Round Two (Segundo asalto) is a 2005 Spanish drama film directed by Daniel Cebrián which stars Álex González and Darío Grandinetti.

== Plot ==
The plot follows the uneasy relationship of young and honest boxer Ángel with ex-boxer and purported bank robber Vidal.

== Production ==
The film was produced by Aiete-Ariane Films and Sogecine.
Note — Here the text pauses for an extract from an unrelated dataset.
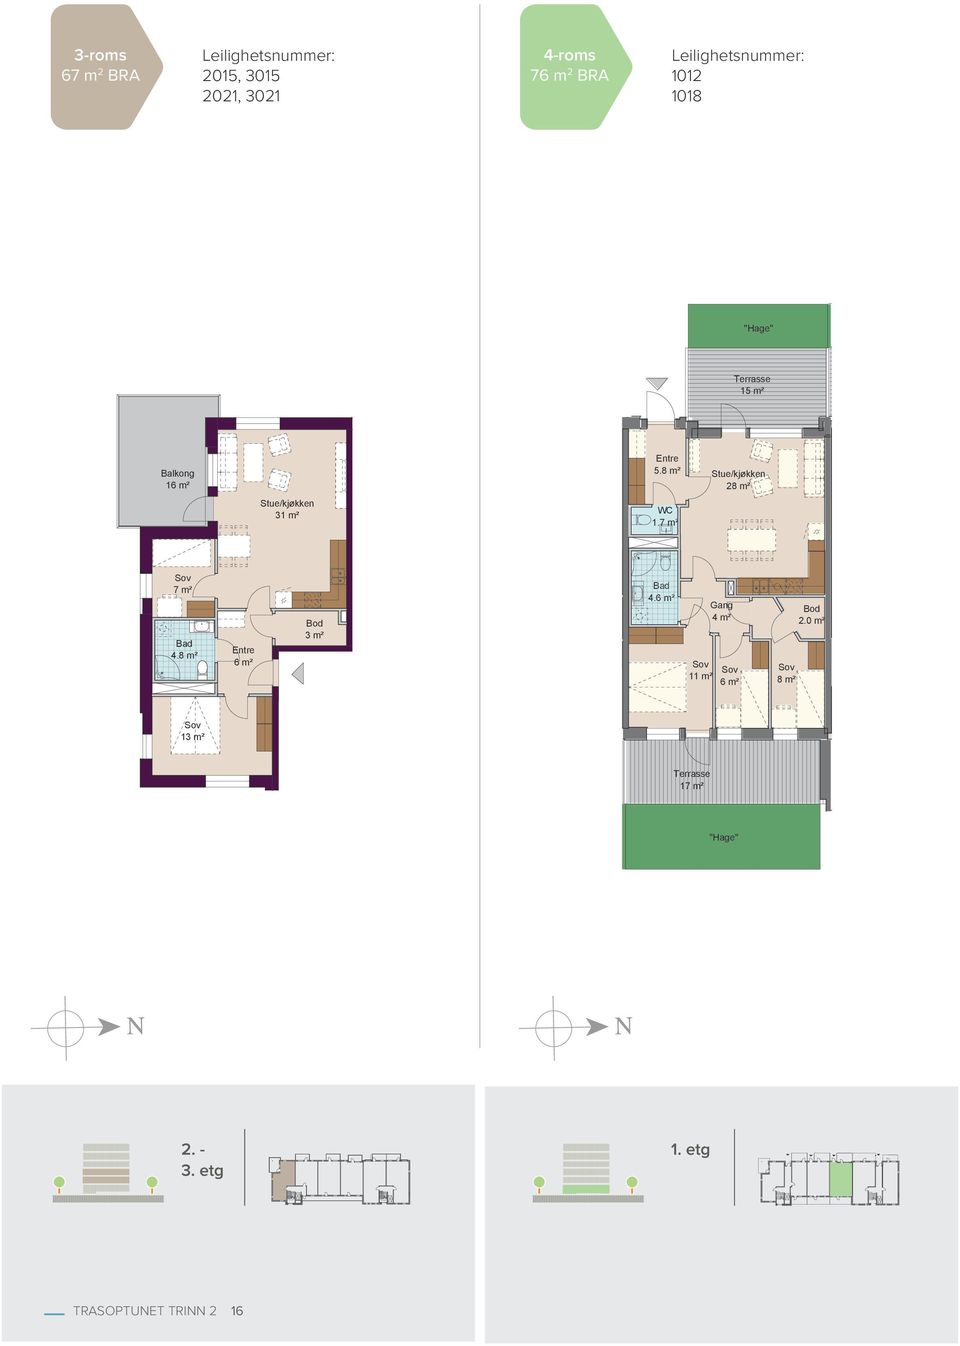 8 m² Stue/kjøkken 28 m² Stue/kjøkken 31 m² WC 1.7 m² 7 m² Bad 4.
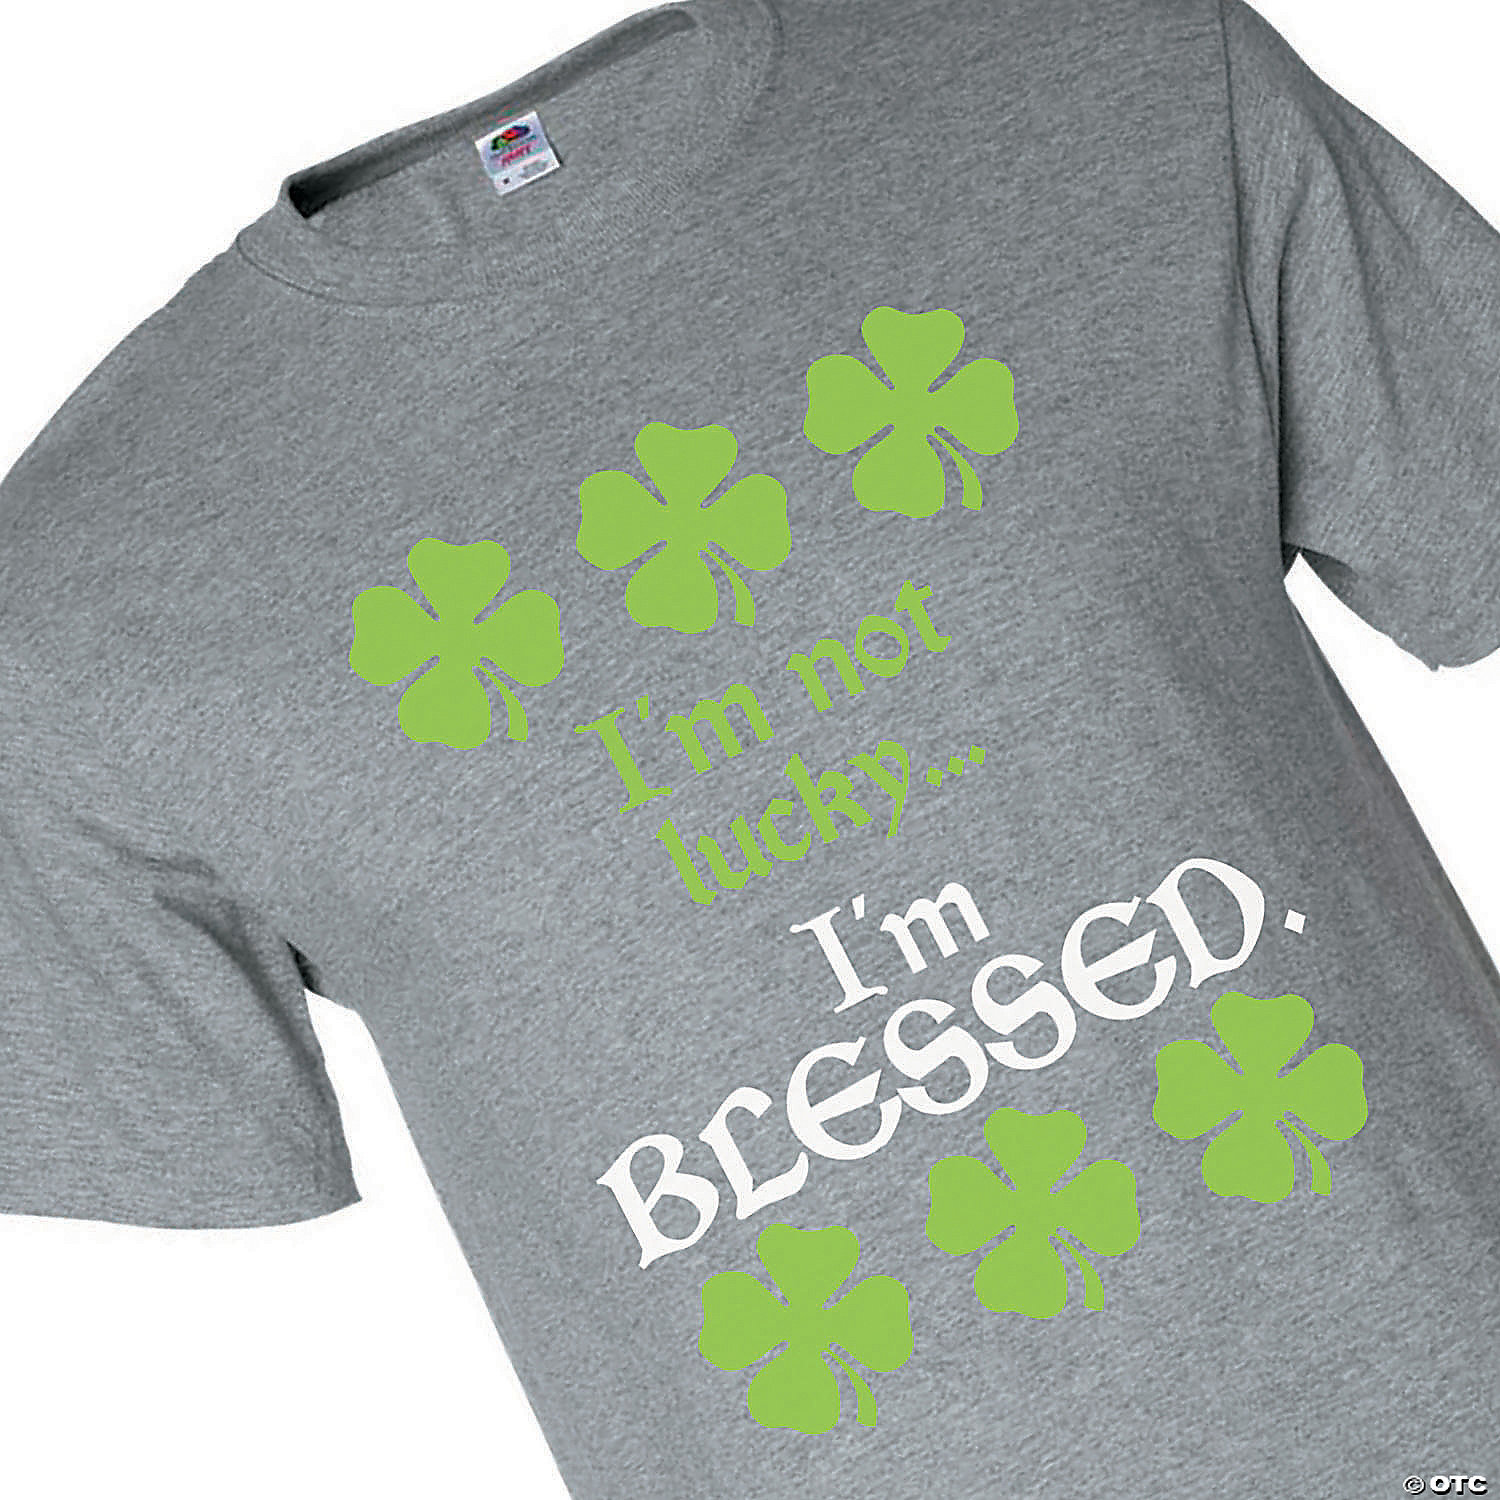 Mom Tee Patrick Was A Saint But I Aint T-shirt Funny Shirt Women's T-shirt St Patrick's Day Shirt

It was fully shot in Madrid.

== Release==
The film was presented at the Valladolid International Film Festival (Seminci) in October 2005. Distributed by Warner Sogefilms, it was released theatrically in Spain on 11 November 2005.

== Reception ==
Jonathan Holland of Variety wrote that the film "welds fight, heist and family drama elements into something that resonates way beyond the sum of its parts" otherwise signalling at a "superbly reptilian perf" by Grandinetti.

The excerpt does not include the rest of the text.